→ EXERCISE BRIEF
From the entries below, please output exactly the lines starting at the one containing "Invento Horizontal Wall" and ending at the one containing "Boy looking at", both included.

=== DATA EXTRACTS ===

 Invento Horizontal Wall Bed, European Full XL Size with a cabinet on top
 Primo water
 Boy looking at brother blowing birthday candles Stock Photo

===
=== DATA EXTRACTS ===

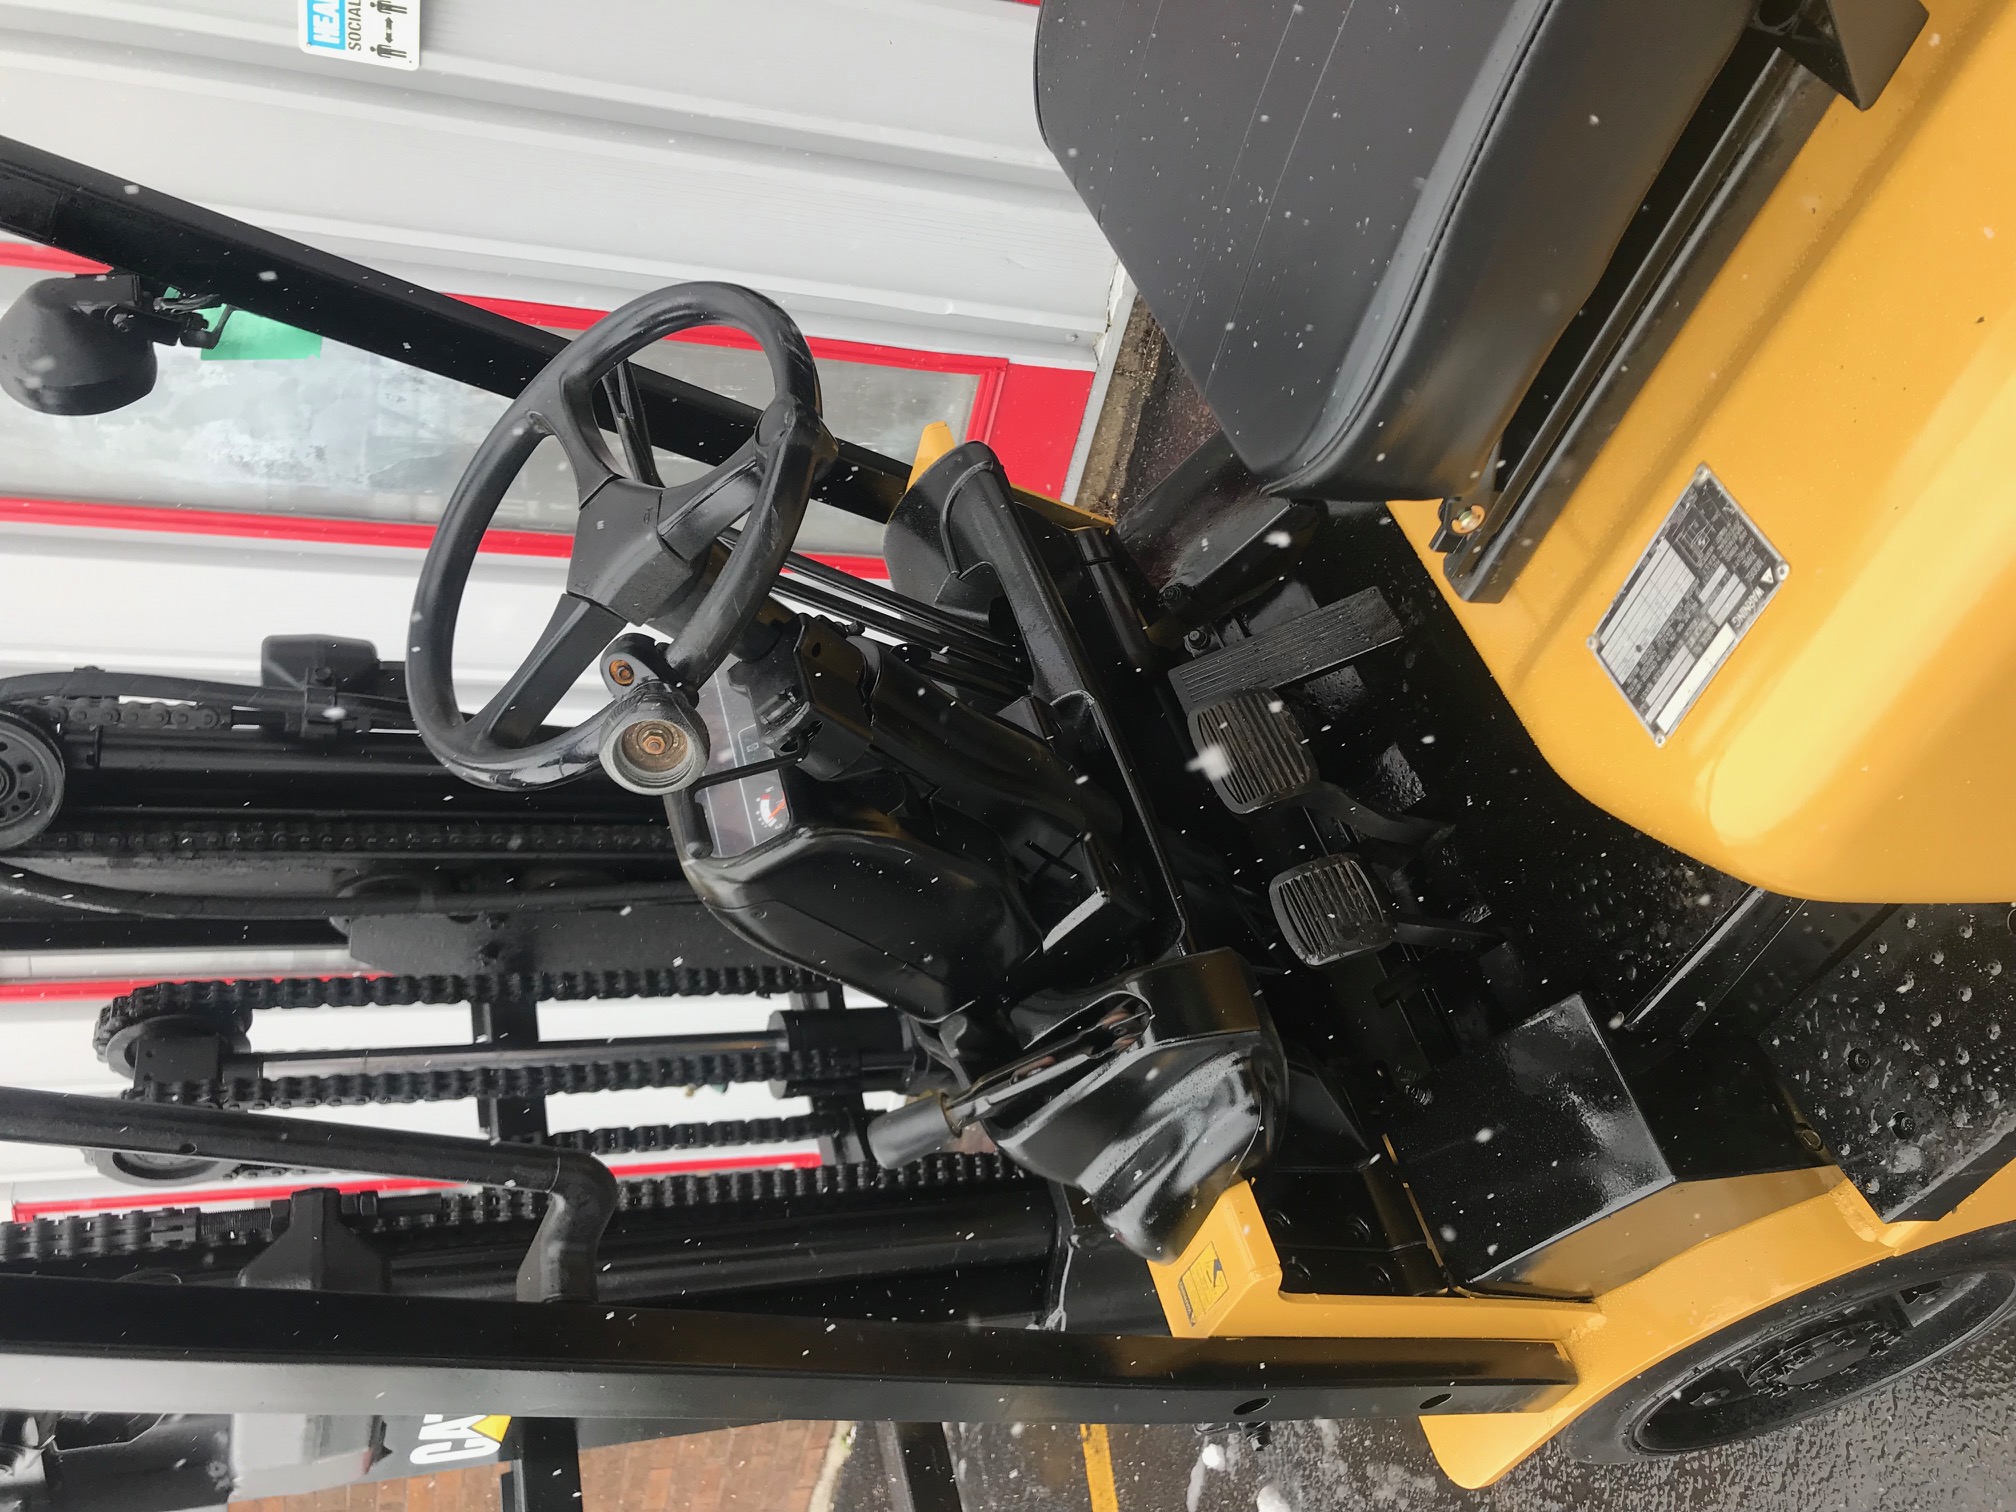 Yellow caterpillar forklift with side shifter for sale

===

→ SOLUTION TO THIS EXERCISE
 Invento Horizontal Wall Bed, European Full XL Size with a cabinet on top
 Primo water
 Boy looking at brother blowing birthday candles Stock Photo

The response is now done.